Предполагают, что в мире, во вселенной существуют вещи так, как существуют вещи в доме культуры, разделяясь на практические особенности. Как же поэтому нет вещей во вселенной и в мире?
У человека есть и законы — следовательно, они должны быть и в природе, ибо <иначе же> откуда их взяли > <Человек> узнал, что один элемент имеет одни свойства, другой другие, через их сплетение <человек> получил закон их взаимодействий.
Каждая вещь построена, следовательно, на законе; почему бы не быть и миру построенным на законе > Если человек обдумывает вещь, <то> почему бы и природе не обдумывать > Если у человека <есть> разум, <то> почему бы не иметь <его> природе >
Если у меня есть потребность, то, очевидно, и у природы есть такая же потребность, ибо все то, что <есть> у человека, должно быть и у природы.
Отсюда, конечно, вселенский разум, возможно, построил Солнце по заранее обдуманному чертежу вполне ясным, конкретным.

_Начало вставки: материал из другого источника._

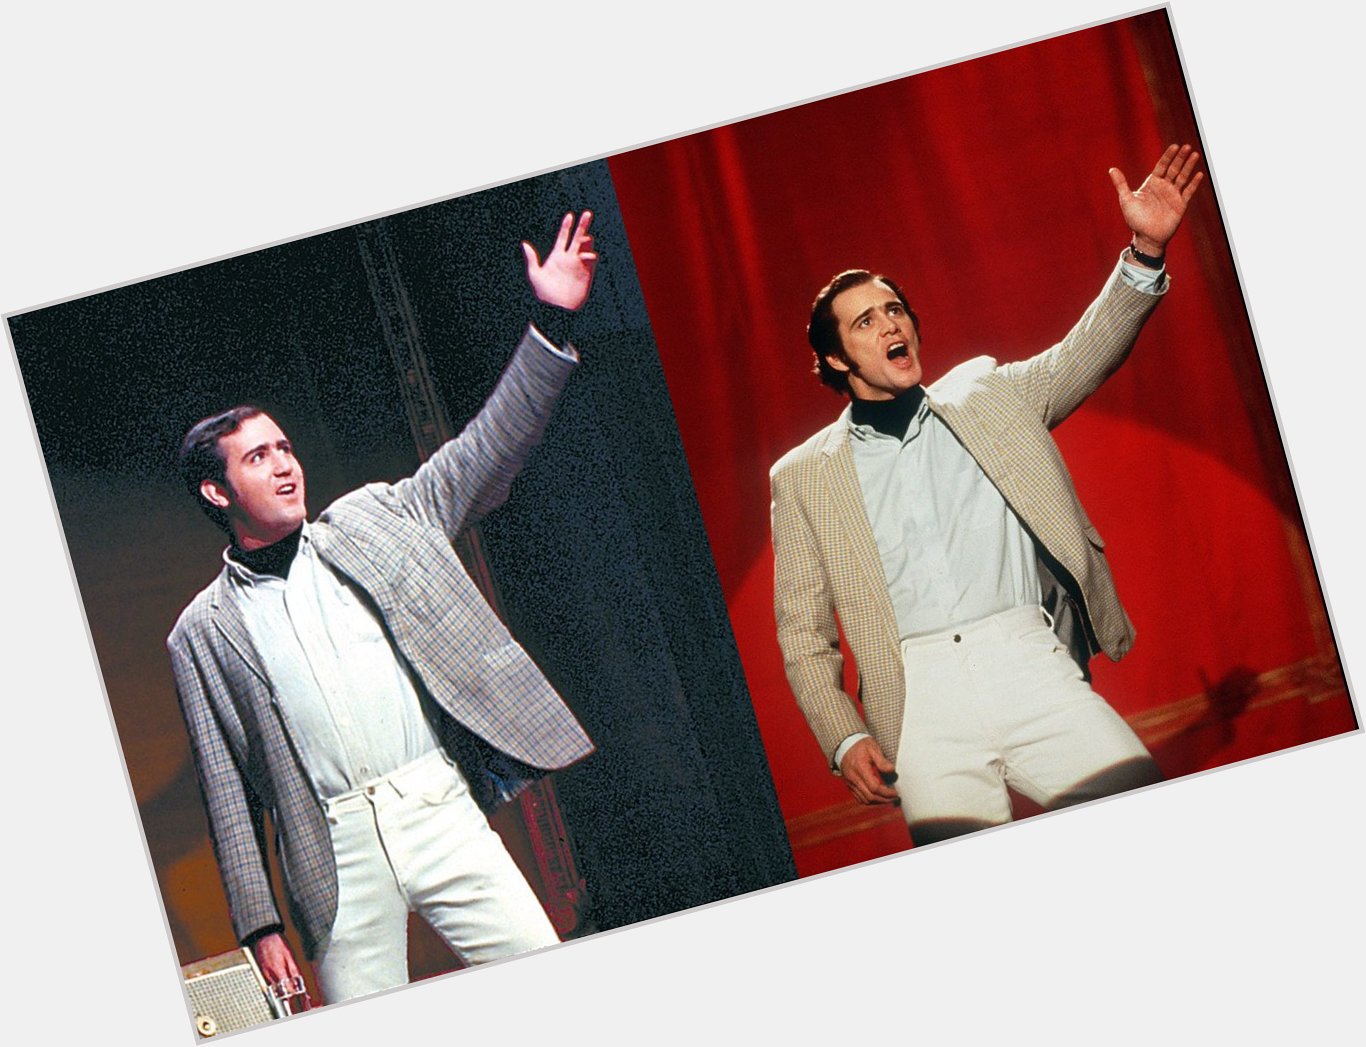 Happy Birthday to both Andy Kaufman and Jim Carrey. 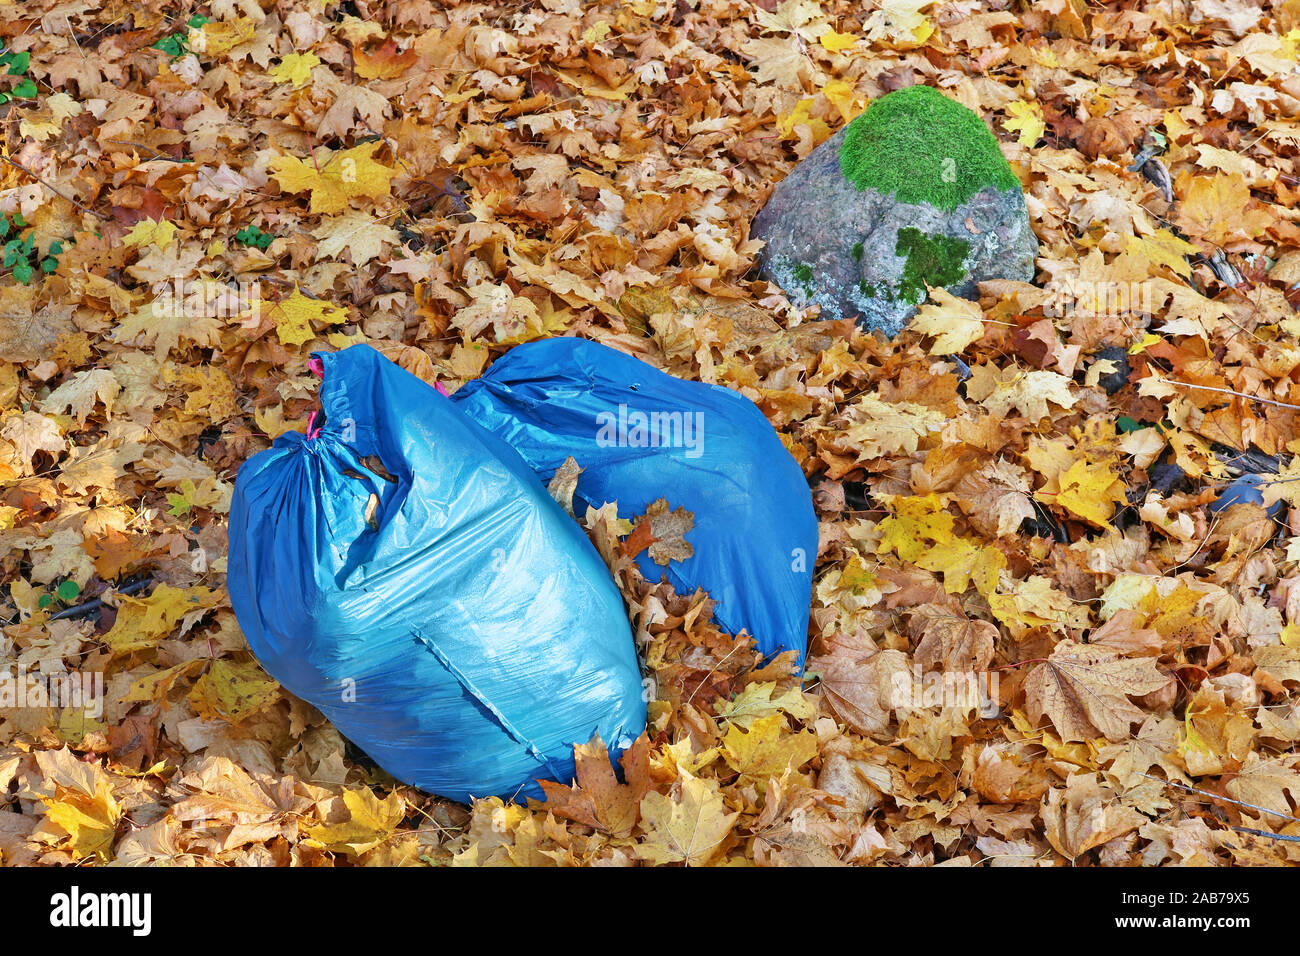 https://c8.alamy.com/comp/2AB79X5/blue-plastic-garbage-bags-left-in-the-autumn-golden-maple-forest-2AB79X5.jpg

Конечно, постройка эта должна происходить не только подсознательно, но и должен быть произведен научный анализ предположений и явлений, конечно, с выводом, не иначе как практическим, целесообразным.

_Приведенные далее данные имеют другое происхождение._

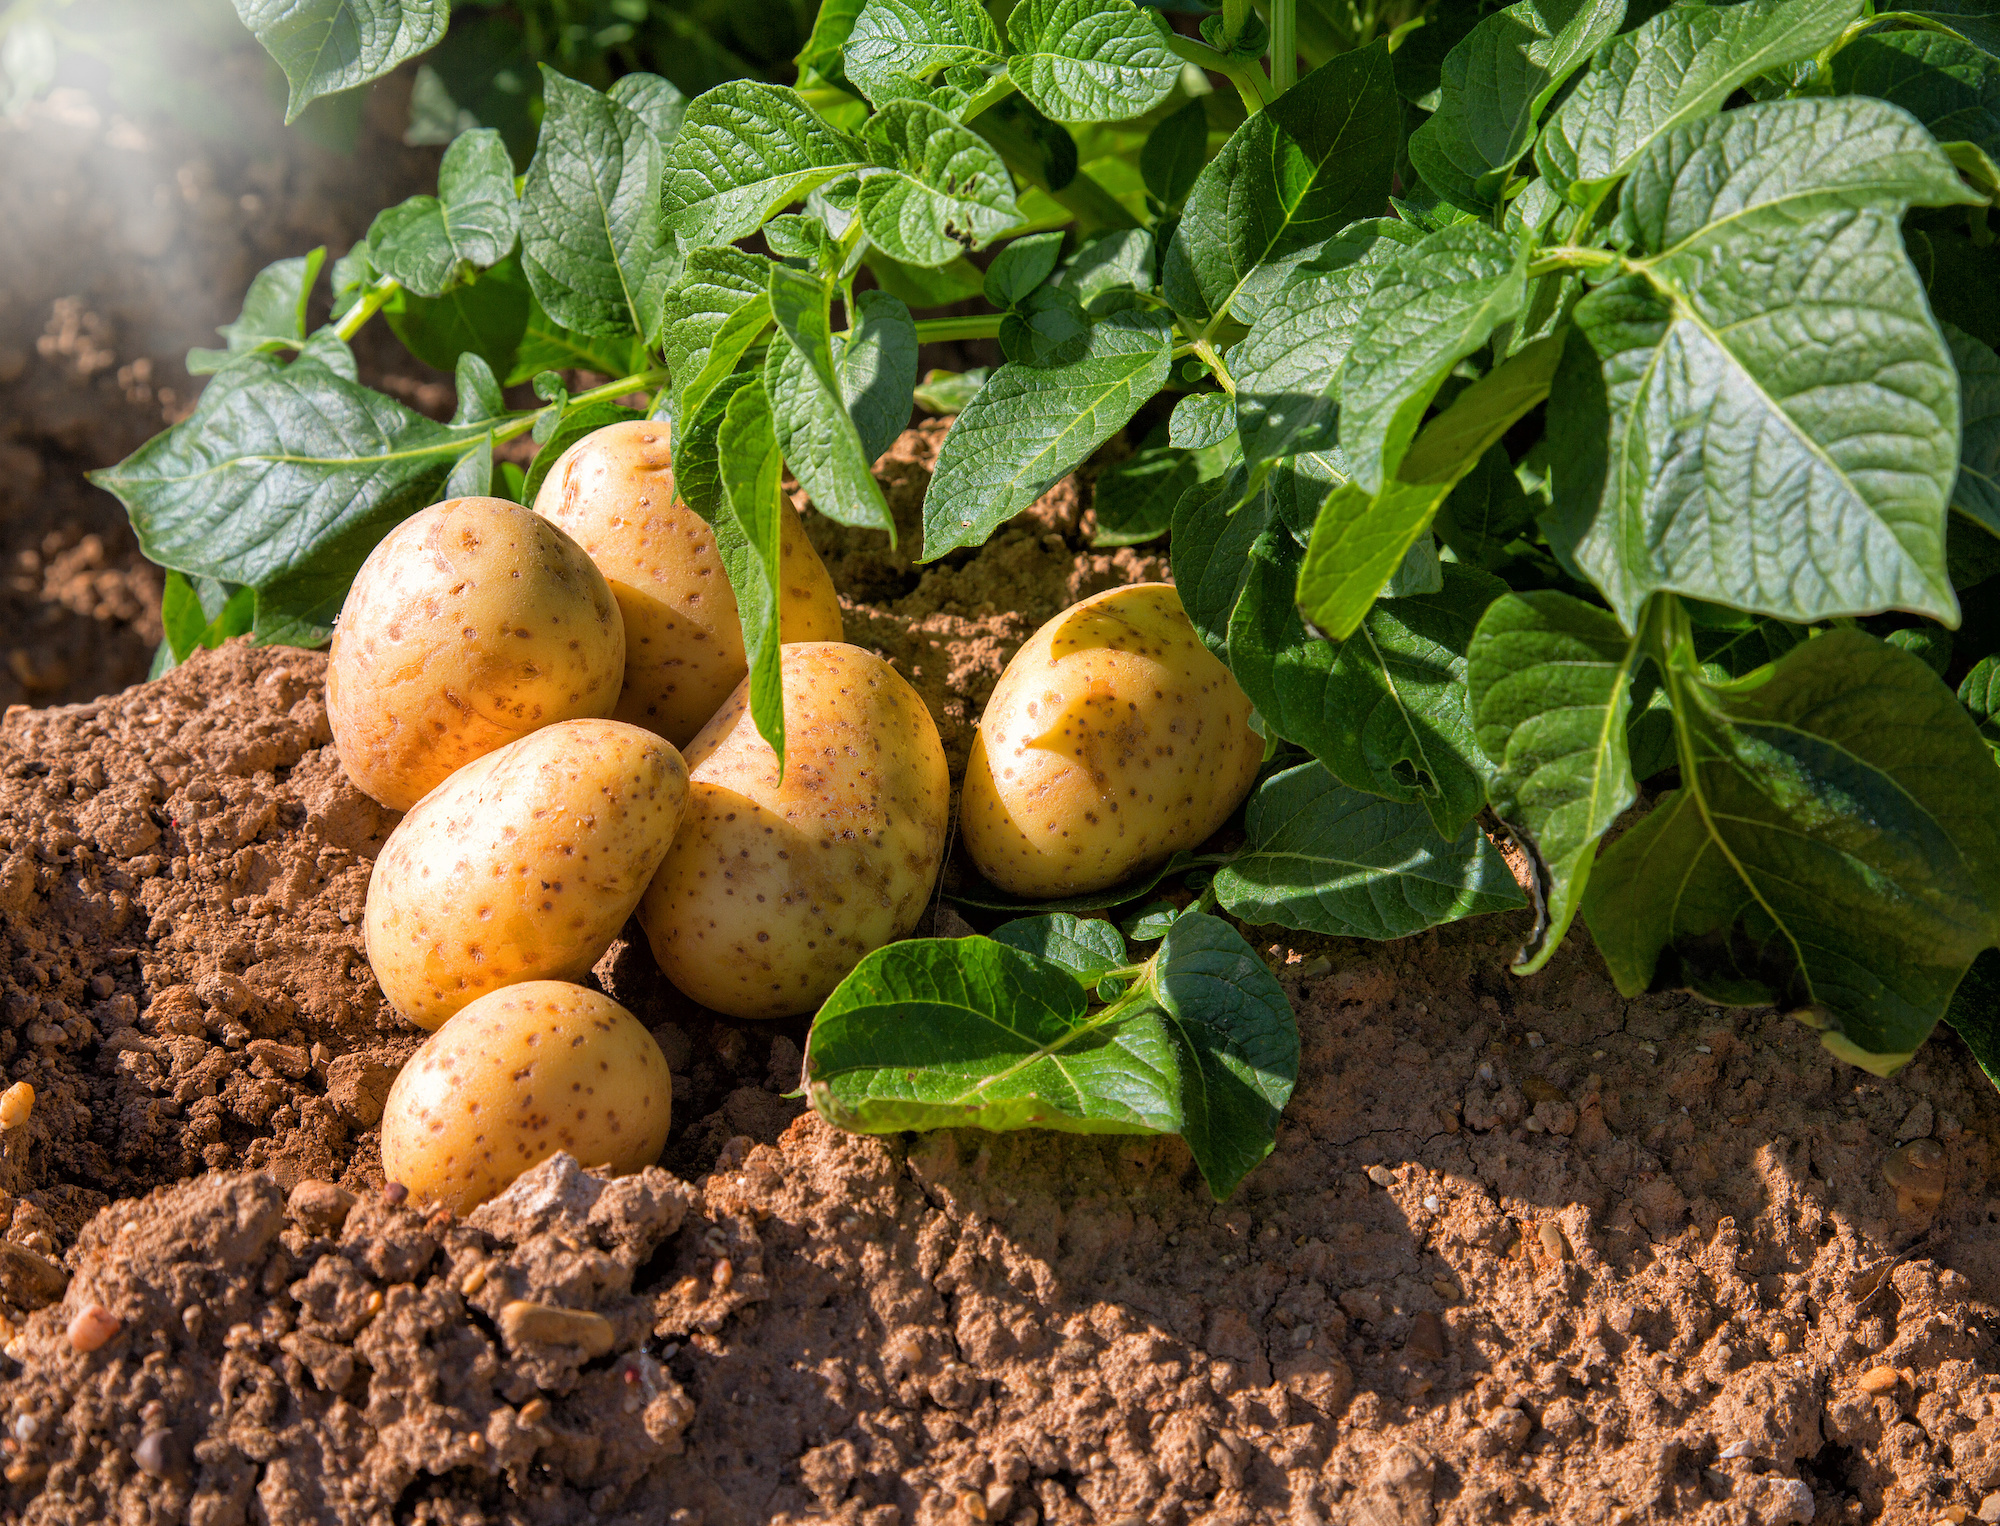 Beautiful potatoes with less pesticide thanks to CRISPR/Cas9. (Image: Adobe Stock)

И в нашей Солнечной системе Солнце стало выводом или синтезом, от которого и возникают все остальные последствия. У Солнца стало множество функций, <заключавшихся> в отапливании земного шара и выгревании всевозможных явлений жизни. И человеку показалось очень ясно, что он царь на земле и что солнце работает исключительно для него, и все растет и живет для него, а то, что не подчиняется ему на этом земном шаре, он это называет стихией и ведет <с ней> неумолимую борьбу и сковывает цепями закона в усмирение элементов стихии перед ним. Так вселенский разум все обдумал и создал все для человека, и человек стал единственным владыкой мира. «Мы новый путь земле укажем». Не хотим ли быть Богами > Луна тоже имеет определенное назначение, освещать запоздавшему <путнику> дорогу после заката солнца.
Мировой разум строил все обдуманно, а главное, практично все для человека; все практические вещи, конечно, возникают из тех материалов, которые уготовлены мировым разумом, и <они,> конечно, поддержанные духом, становятся одухотворенными. Человек одухотворяет вещь в процессе ее создания, и только та вещь живою становится, которая одухотворена человеком. По некоторым соображениям общежития дух это есть такая теплота, которая теплится в создаваемой им вещи, и вещь живет до тех пор, пока окружающие ее обстоятельства не разрушат ее и не выйдет из нее дух. Тоже возникает и вся природа из материалов, заложенных в материи, и жизнь в них теплится до тех пор, пока существует теплота. Угаснет Солнце, и <тогда>, возникает предположение, что все на Земле умрет.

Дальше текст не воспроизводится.